Upacara Bendera 17-an Bulan September 2013 Di Lanud Sjamsudin Noor

Dibaca: 1 Oleh 17 Sep 2013Tidak ada komentar
Museum Pusat TNI Angkatan Udara Dirgantara Mandala
#TNIAU 

Komandan Lanud Sjamsudin Noor Letkol Pnb Esron S.B. Sinaga, S.Sos., memimpin langsung pelaksanaan Upacara Bendera 17-an di bulan September 2013 di Lapangan Apel Lanud SAM, Selasa (17/9). Upacara yang dilaksanakan tersebut diikuti oleh para Kadis Lanud SAM, Dansatpom Lanud SAM, para Perwira, Bintara dan Tamtama serta PNS Lanud SAM.
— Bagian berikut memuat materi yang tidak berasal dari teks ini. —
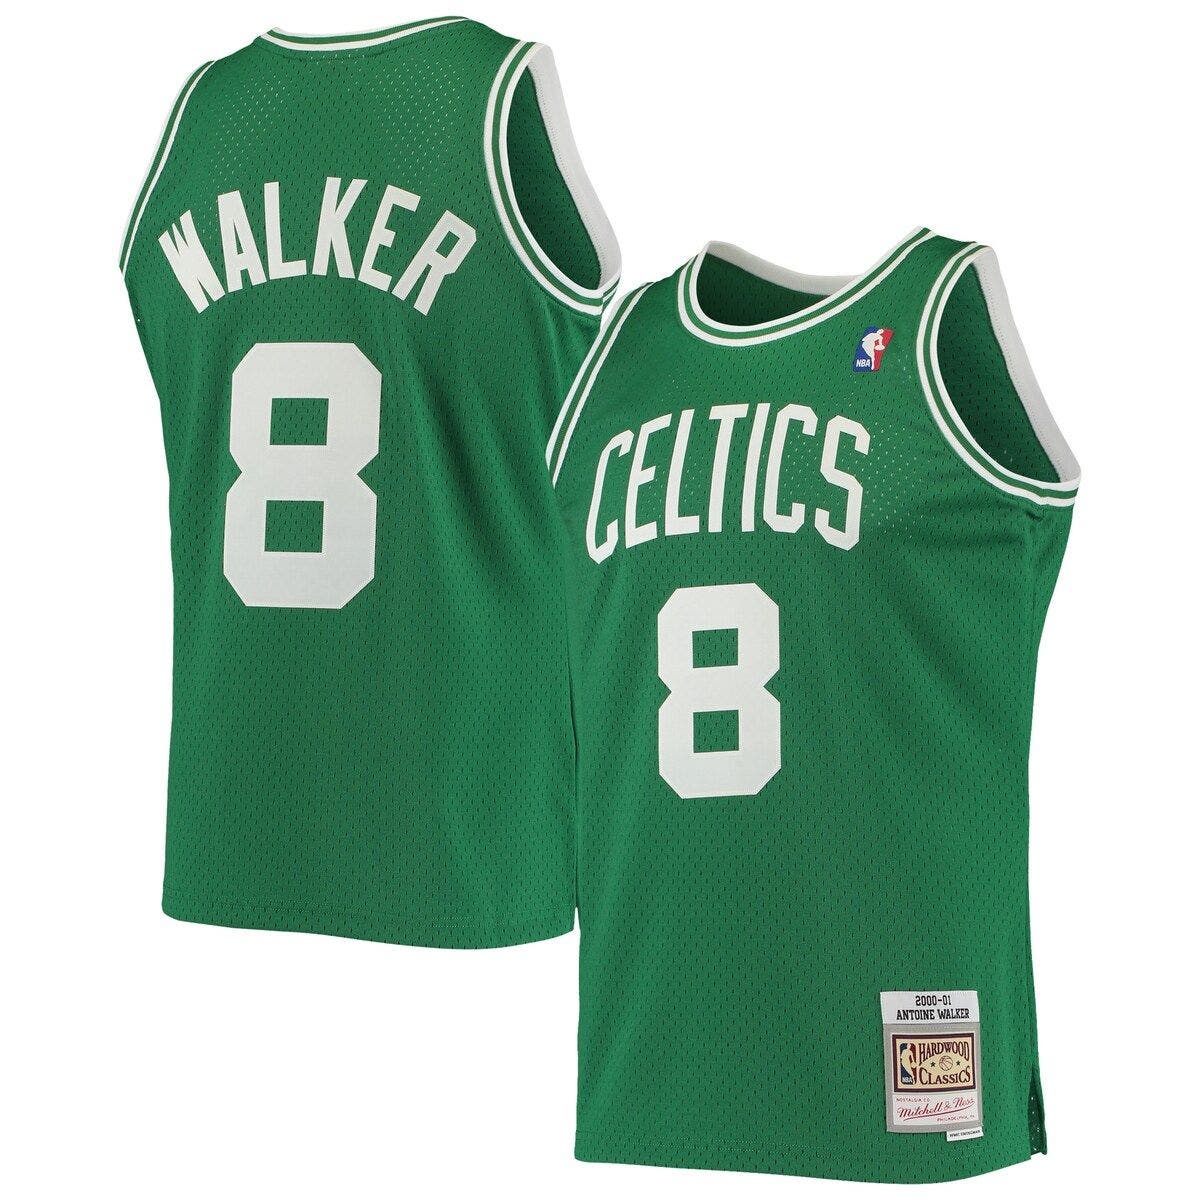 Classic Antoine Walker #8 Boston Celtics Basketball Jersey Stitched Green

Komandan Lanud Sjamsudin Noor membacakan amanat Pangkoopsau II Marsekal Muda TNI Agus Supriatna. Dalam amanatnya dikatakan bahwa menyikapi dinamika perkembangan situasi keamanan nasional pada kondisi tertib sipil, dalam kaitan penanganan konflik sosial, tugas perbantuan TNI kepada POLRI telah diatur sesuai dengan peraturan dan perundang-undangan yang berlaku. Untuk itu gunakan Inpers nomor 2 tahun 2013 serta sinkronkan dengan kesepakatan bersama-MOU TNI-POLRI tahun 2013 dalam penanganan konflik sosial sehingga tidak ada keraguan dan hambatan dalam pelaksanaan tugas. “Kembangkan fungsi dan peran Leadership khususnya para perwira agar mampu membawa seluruh anggotanya menuju kebenaran, kecermatan dan ketepatan dalam pelaksanaan tugas-tugas satuan” , tegas Pangkoopsau II.
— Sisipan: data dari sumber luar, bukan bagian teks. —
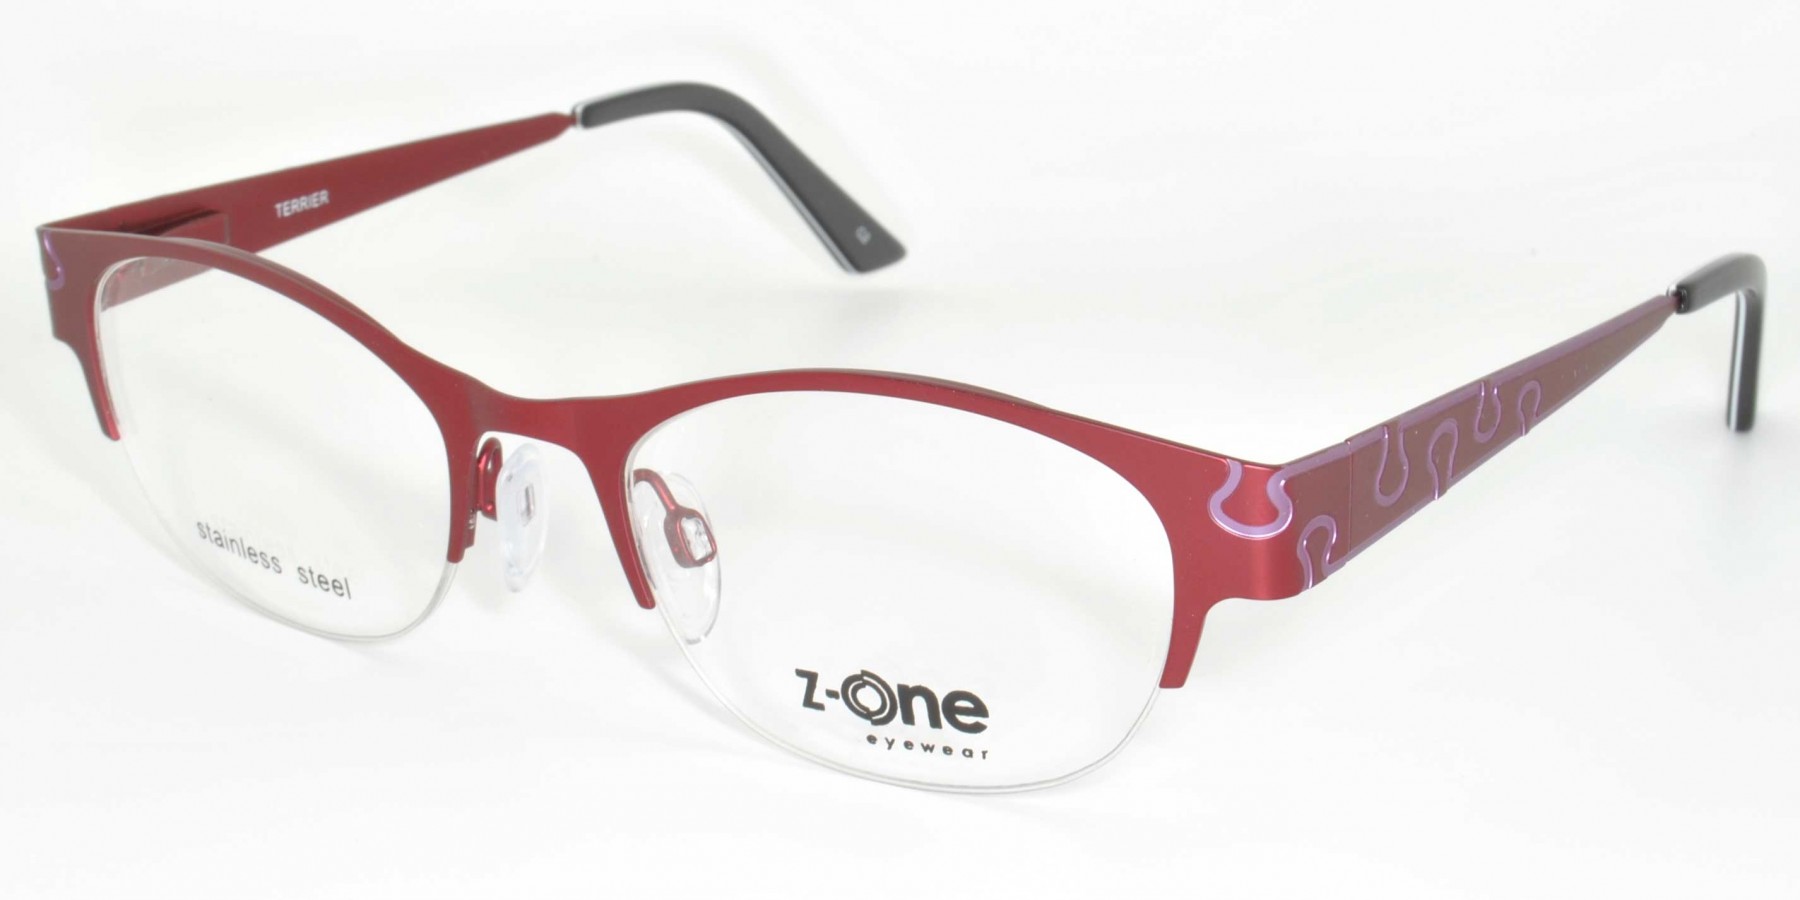 Z-One Terrier Prescription Glasses

Baca juga:  147 Anggota Lanud Halim P. Naik Pangkat Setingkat Lebih Tinggi

Guna optimalisasi pelaksanaan tugas-tugas ke depan dan pedoman dalam setiap pelaksanaan tugas, Pangkoopsau II memberikan atensi dan harapan sebagai berikut ;

Pertama, bentengi diri dan keluarga melalui peningkatan keimanan dan ketaqwaan kepada Tuhan YME sebagai landasan moral dalam setiap pelaksanaan tugas.

Kedua, laksanakan tugas dan fungsi sesuai kewenangannya secara optimal, yang berlandaskan pada moralitas, dedikasi dan ketulusan hati dalam bekerja serta tanggung jawab yang tinggi.

Ketiga, bagi para Komandan satuan agar megedepankan kepemimpinan lapangan yang penuh simpati dan keteladanan dengan senantiasa hadir di tengah-tengah anggota dan lingkungan satuan.

Keempat, bangun komunikasi dan kerjasama dengan Pemerintah Daerah, Polri dan komponen masyarakat lainnya pada setiap pelaksanaan tugas, guna mewujudkan daerah serta masyarakat yang aman dan sejahtera.

Kelima, cermati dan sikapi setiap perkembangan lingkungan yang terjadi di sekitarnya dengan arif dan hati-hati, khususnya yang berkaitan dengan nilai-nilai kearifan lokal dan adat istiadat setempat agar terhindar dari mispersepsi maupun salah paham dalam memberikan komentar sehingga kontra produktif dengan tujuan semula.